* Instructions for the task *
Copy exactly the lines of the material below that run from the one containing "Thanks for providing" through the one containing "There&rsquo;s still a". Copy no other lines.

* Available records *
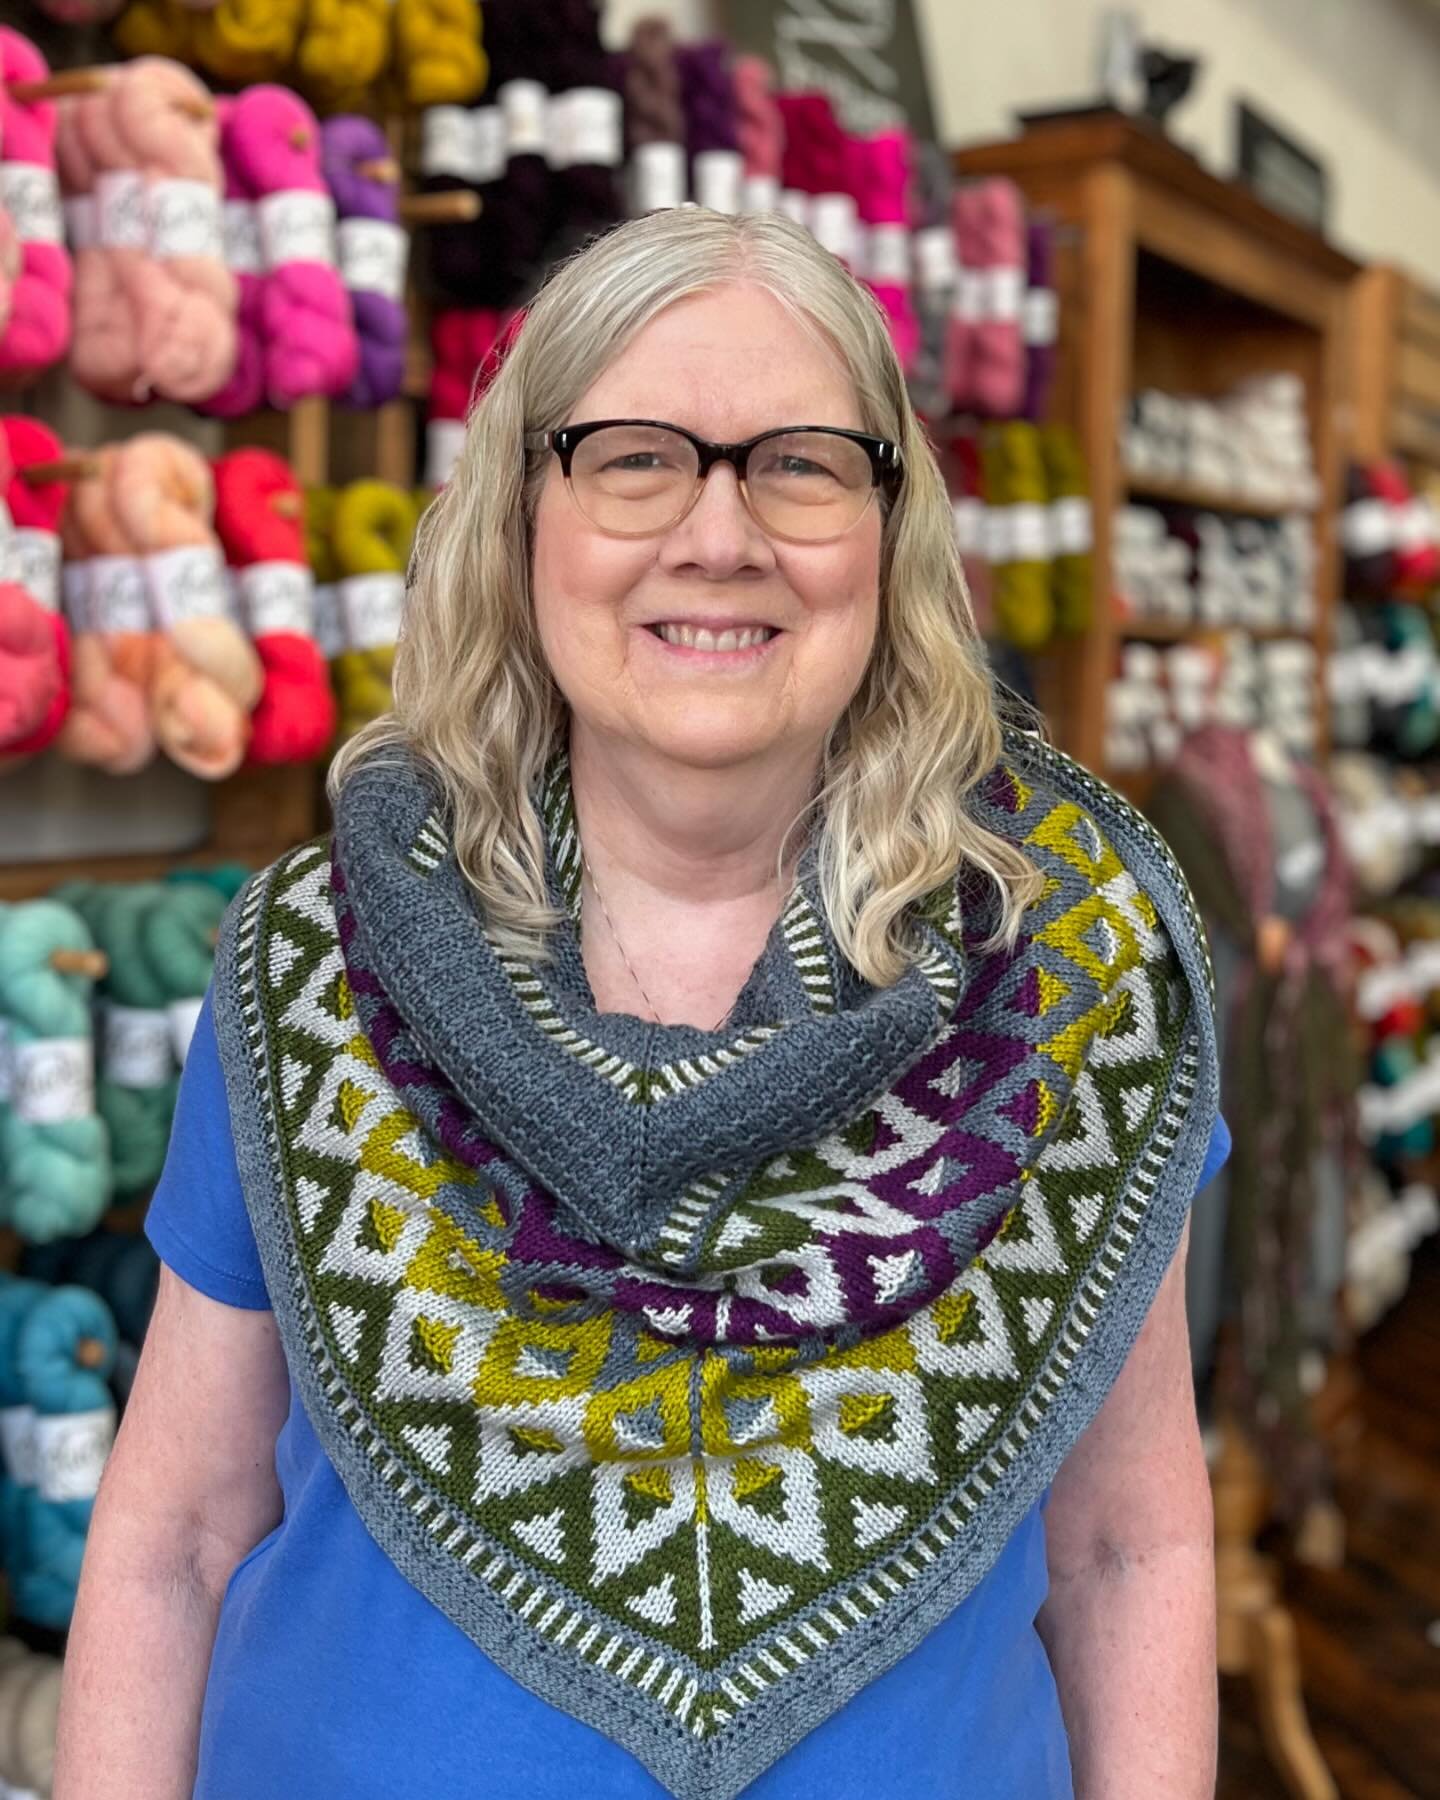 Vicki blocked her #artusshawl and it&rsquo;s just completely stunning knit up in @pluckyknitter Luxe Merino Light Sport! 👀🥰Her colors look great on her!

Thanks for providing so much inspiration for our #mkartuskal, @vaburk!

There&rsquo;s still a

* * *

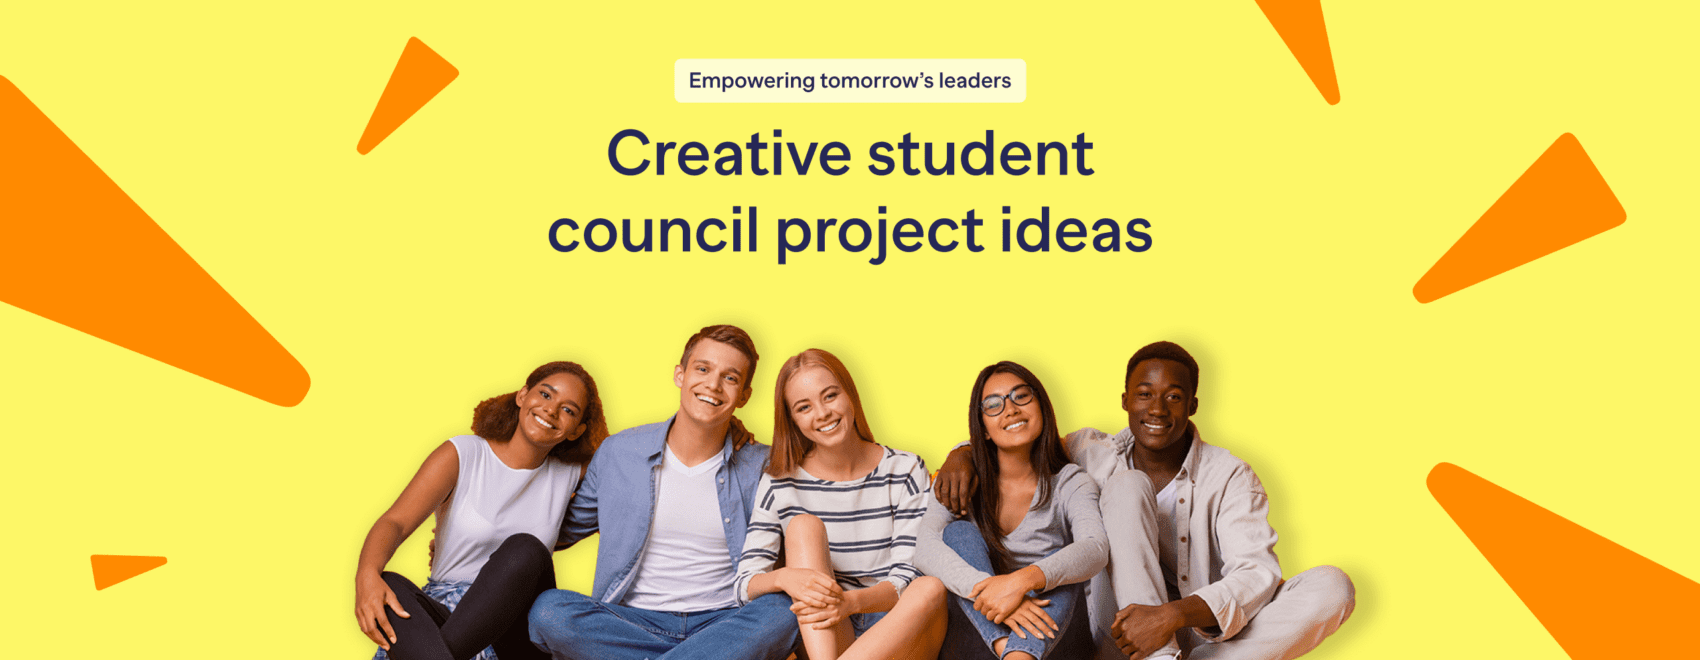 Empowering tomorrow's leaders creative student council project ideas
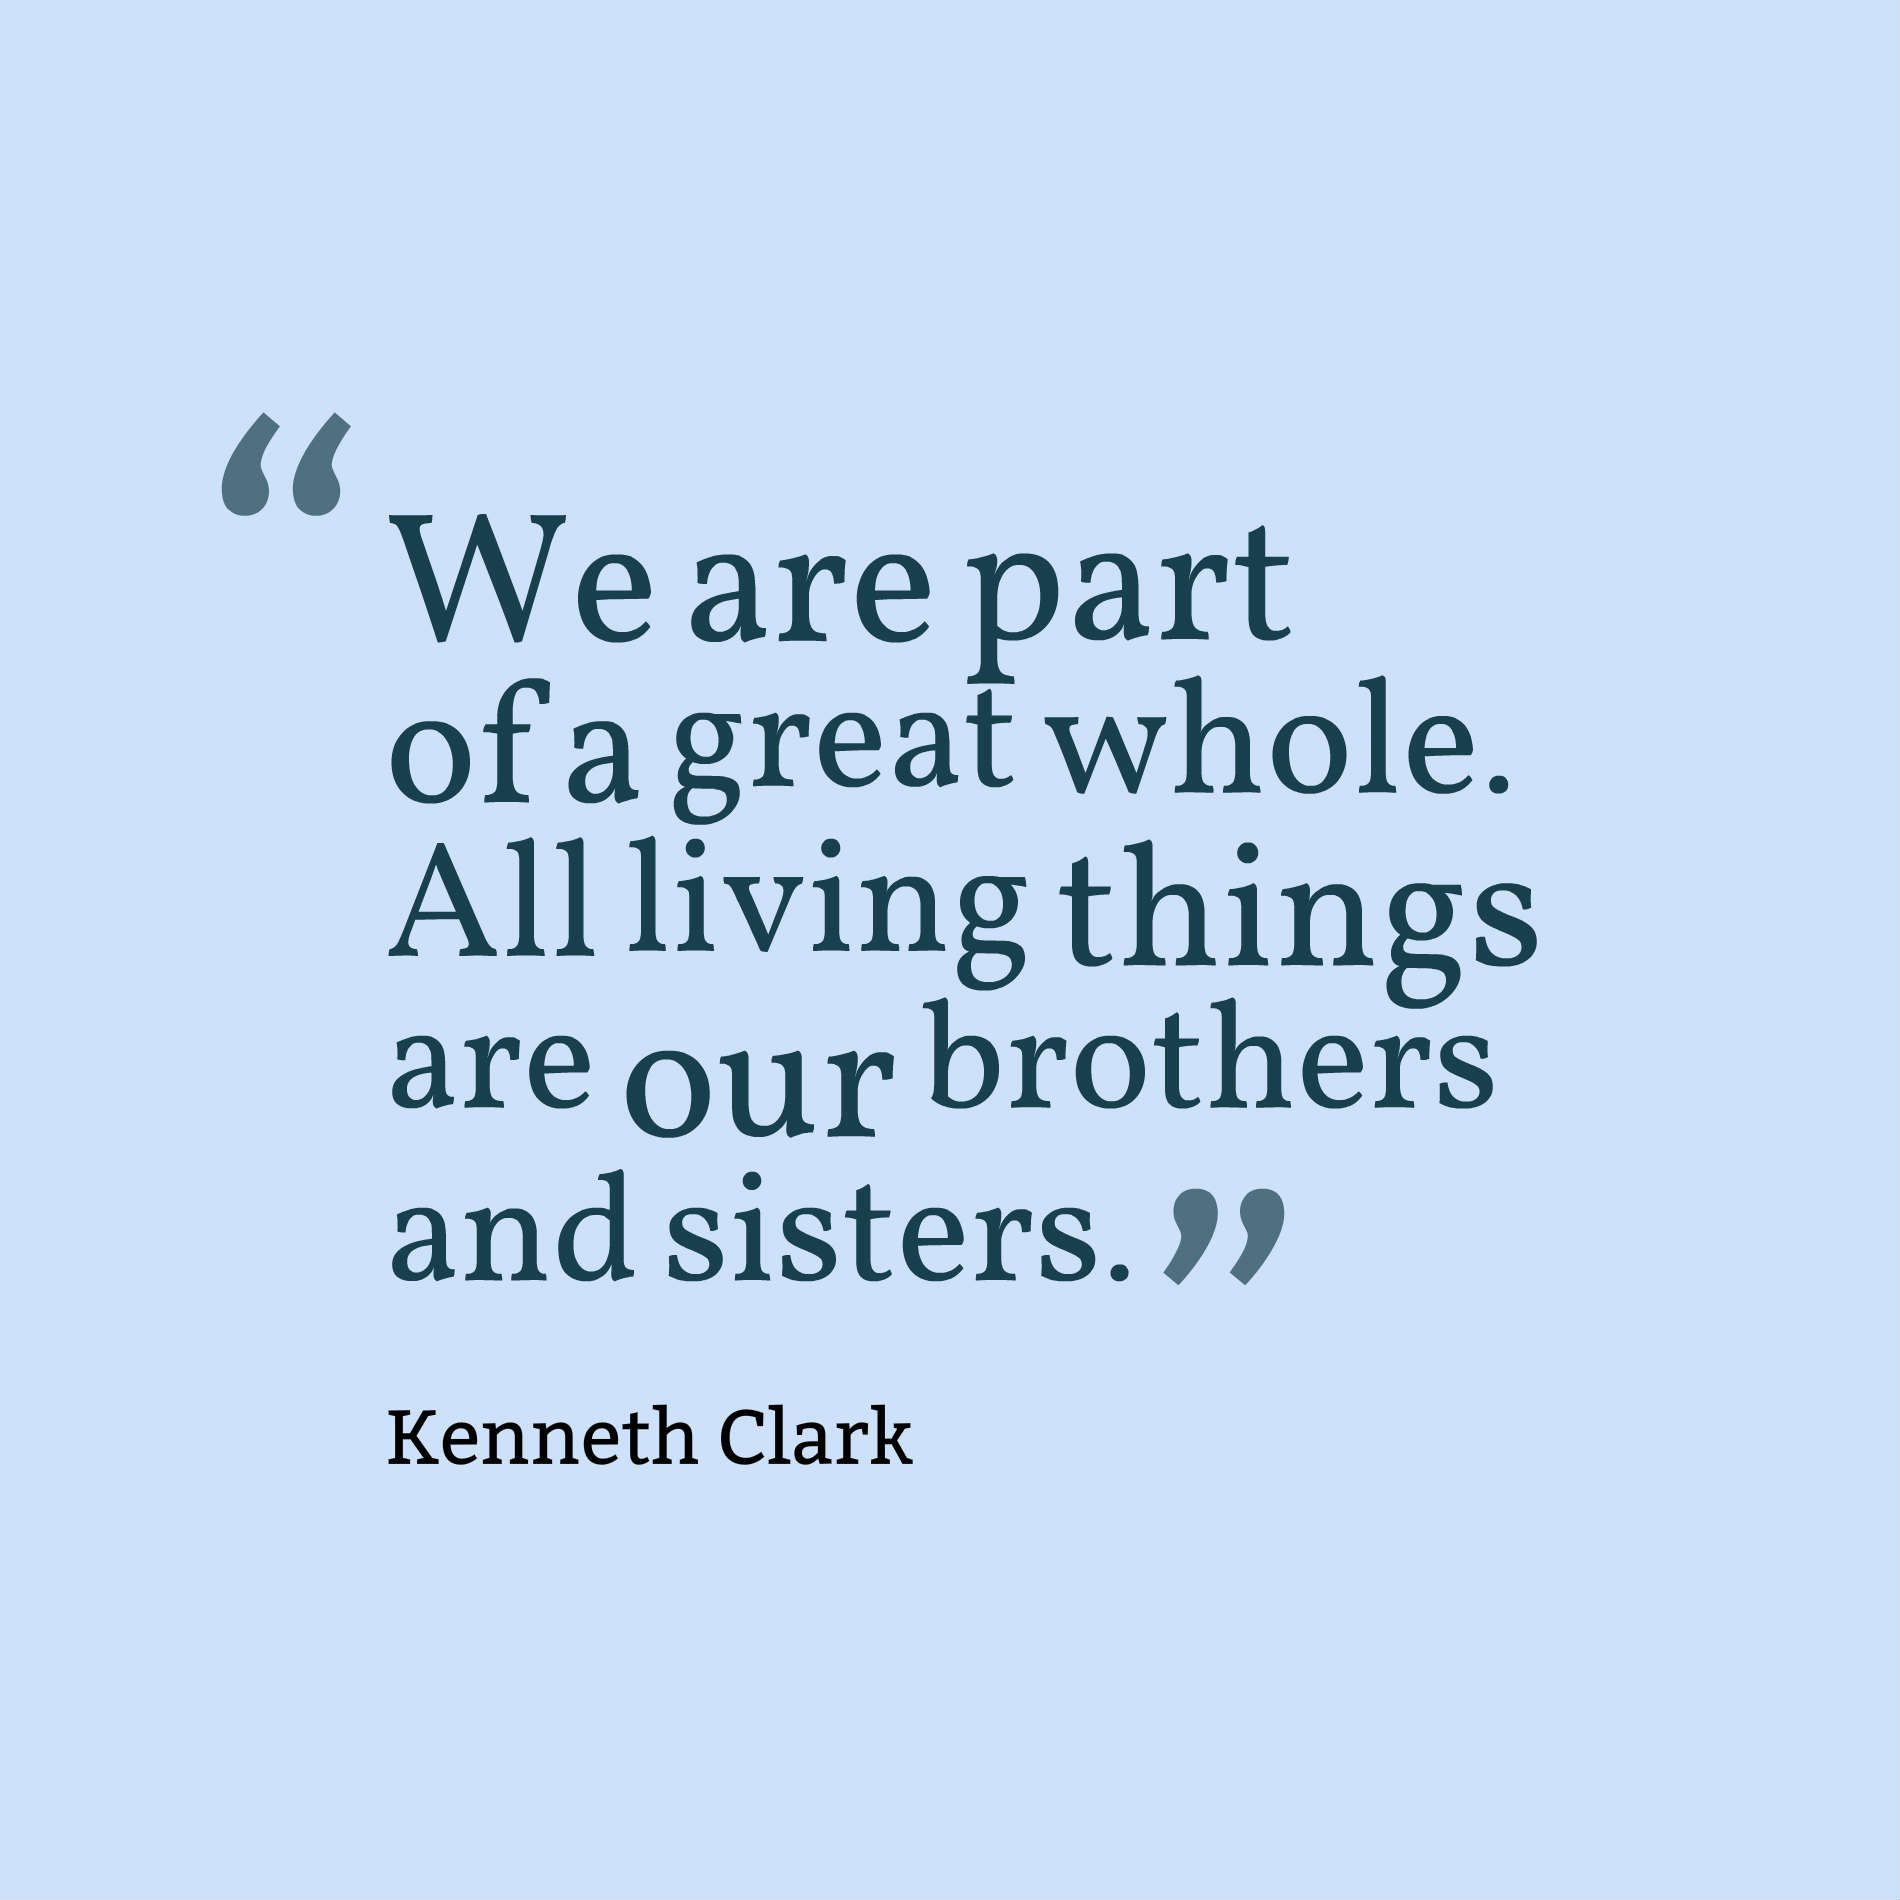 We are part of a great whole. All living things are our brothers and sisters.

--

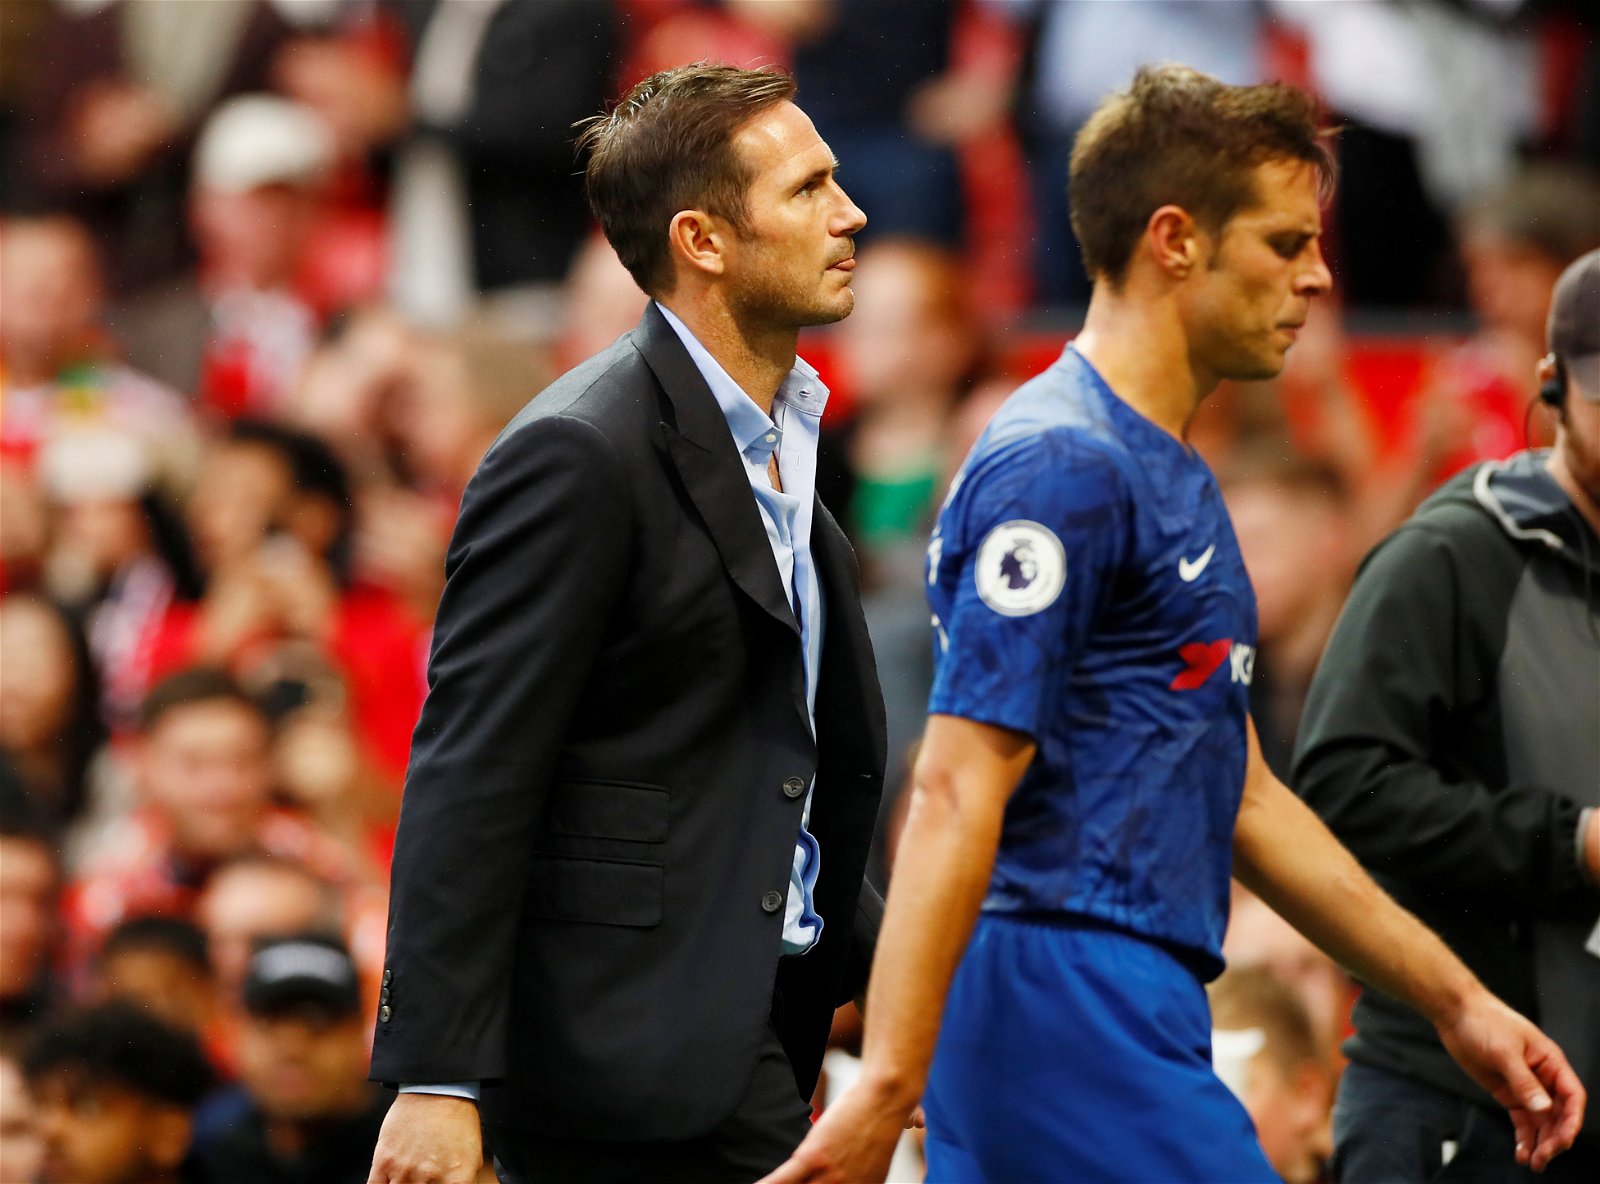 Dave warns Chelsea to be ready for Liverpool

* Solved problem *
Thanks for providing so much inspiration for our #mkartuskal, @vaburk!

There&rsquo;s still a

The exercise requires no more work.